***** Collected data *****

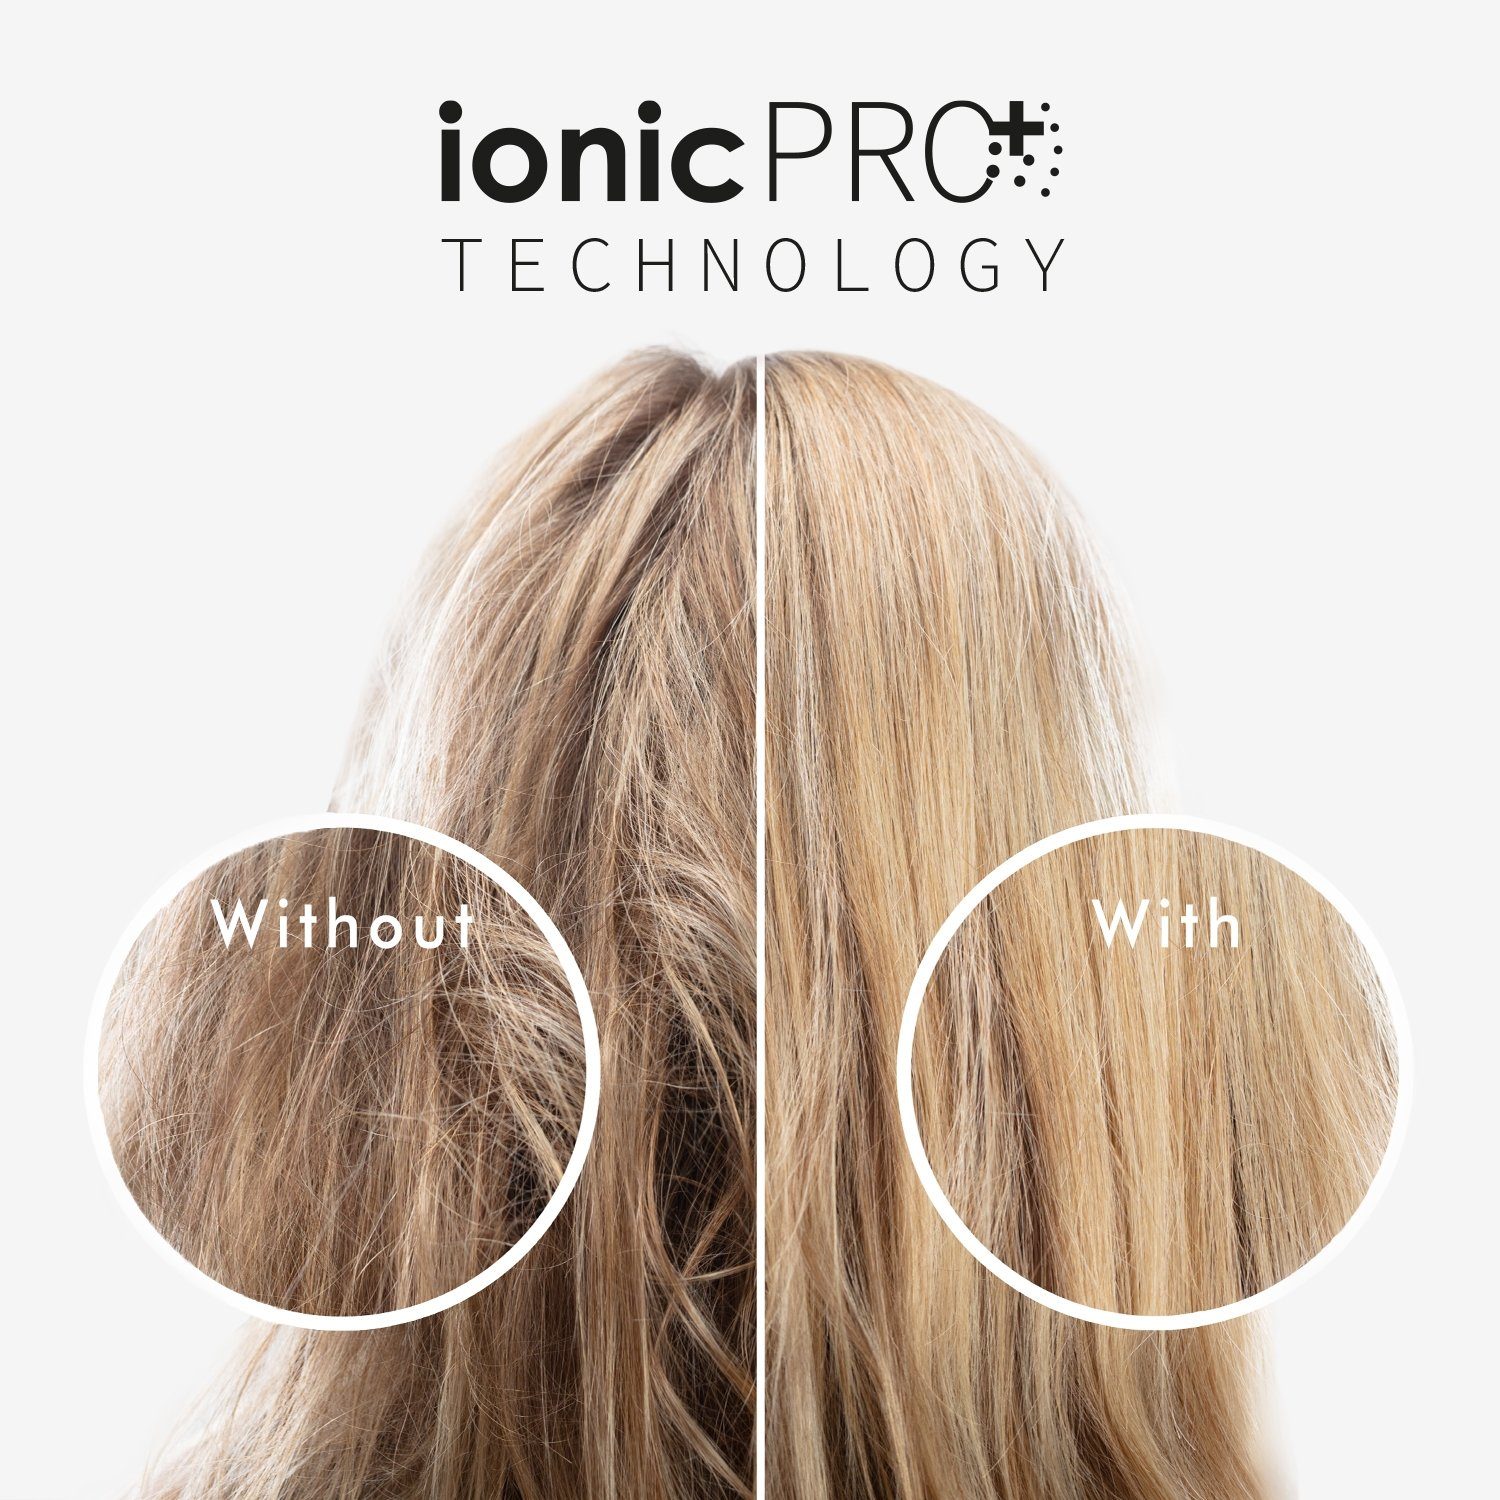 IonicPRO 2300 mehr weiß SWITZERLAND SOLIS Düse 440 W, Typ 50% Styling Kaltstufe Haartrockner Profi-Föhn, OF Luftdruck
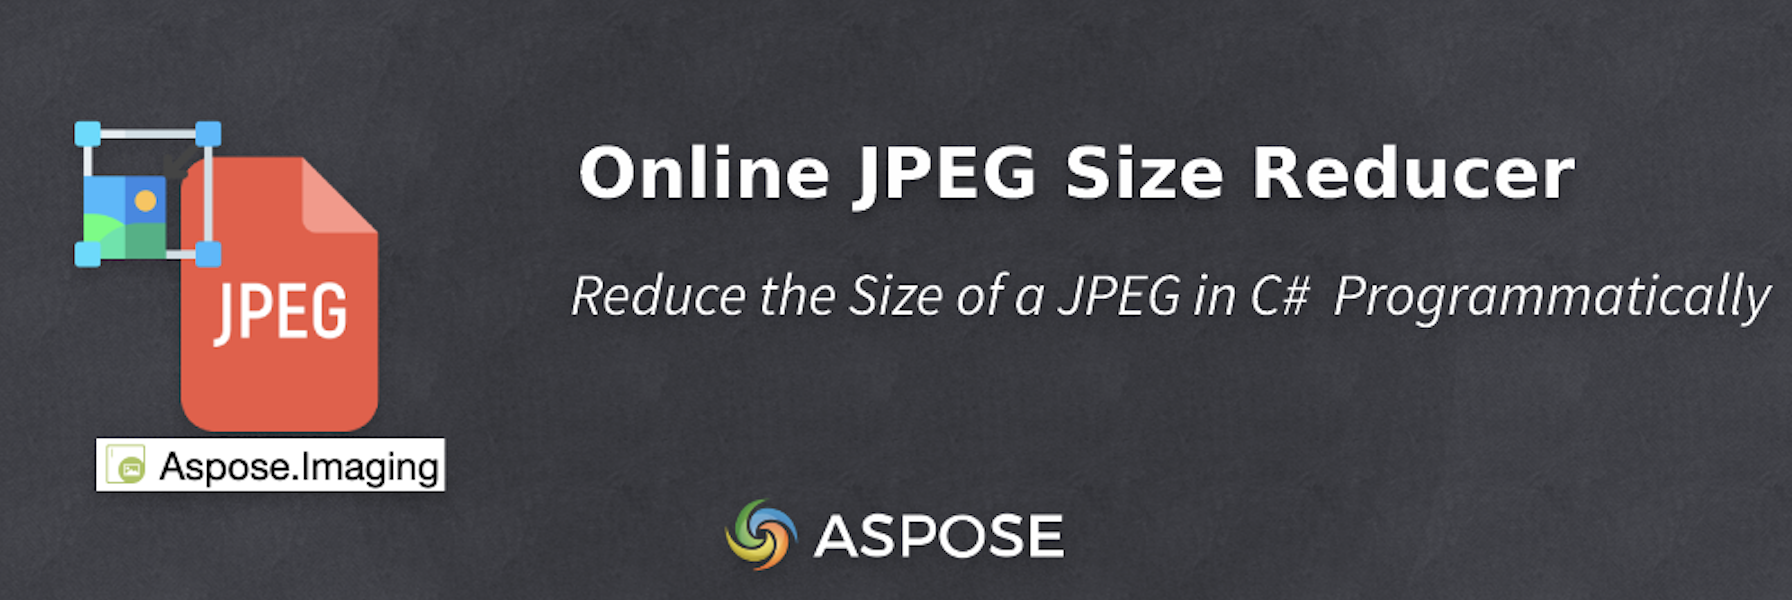 在 C# 中减小 JPEG 的大小 - Online JPEG Size Reducer
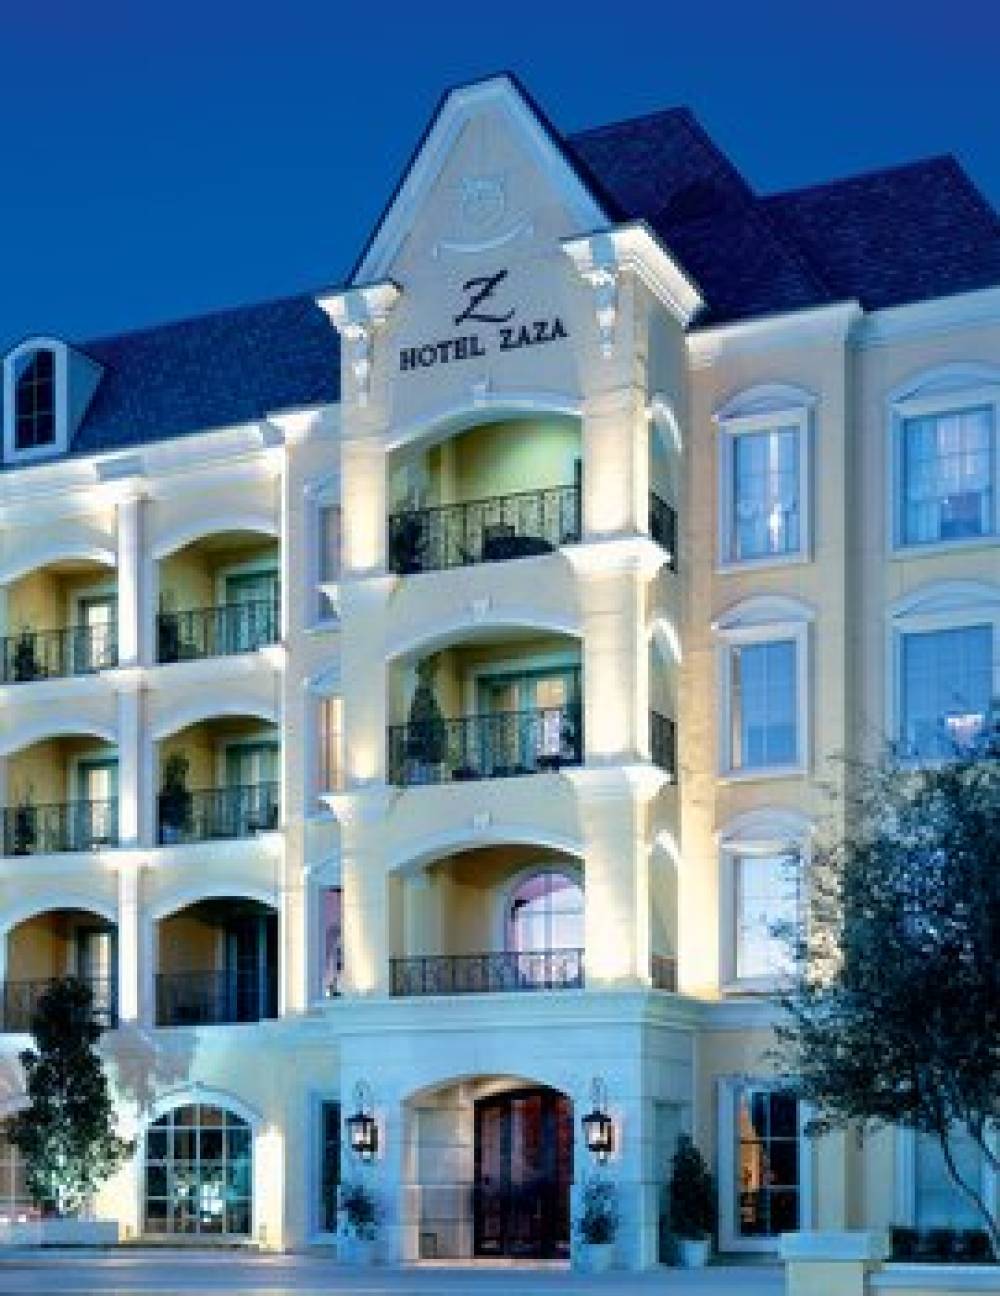 Hotel Zaza Uptown Dallas 1
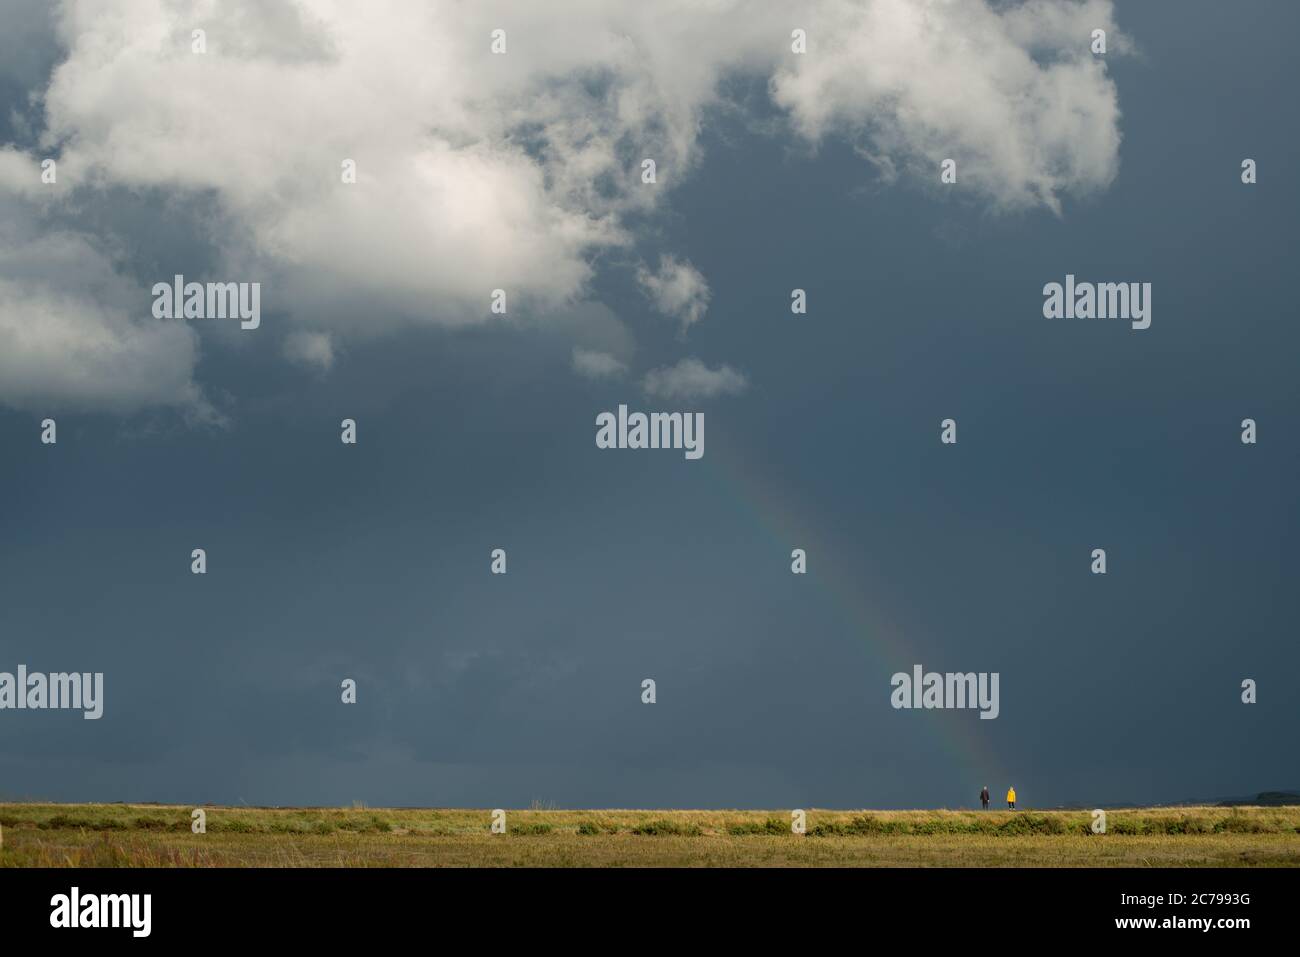 Classica immagine minima del cielo scuro con nuvola bianca e un arcobaleno che si inarca dalla nuvola e mette in evidenza due persone ai piedi dell'arcobaleno Foto Stock

*****

**Problem**.
Give back the listing exactly, with the pictures removed.

**Answer area**.
 IonicPRO 2300 mehr weiß SWITZERLAND SOLIS Düse 440 W, Typ 50% Styling Kaltstufe Haartrockner Profi-Föhn, OF Luftdruck
 在 C# 中减小 JPEG 的大小 - Online JPEG Size Reducer
 Hotel Zaza Uptown Dallas 1
 Classica immagine minima del cielo scuro con nuvola bianca e un arcobaleno che si inarca dalla nuvola e mette in evidenza due persone ai piedi dell'arcobaleno Foto Stock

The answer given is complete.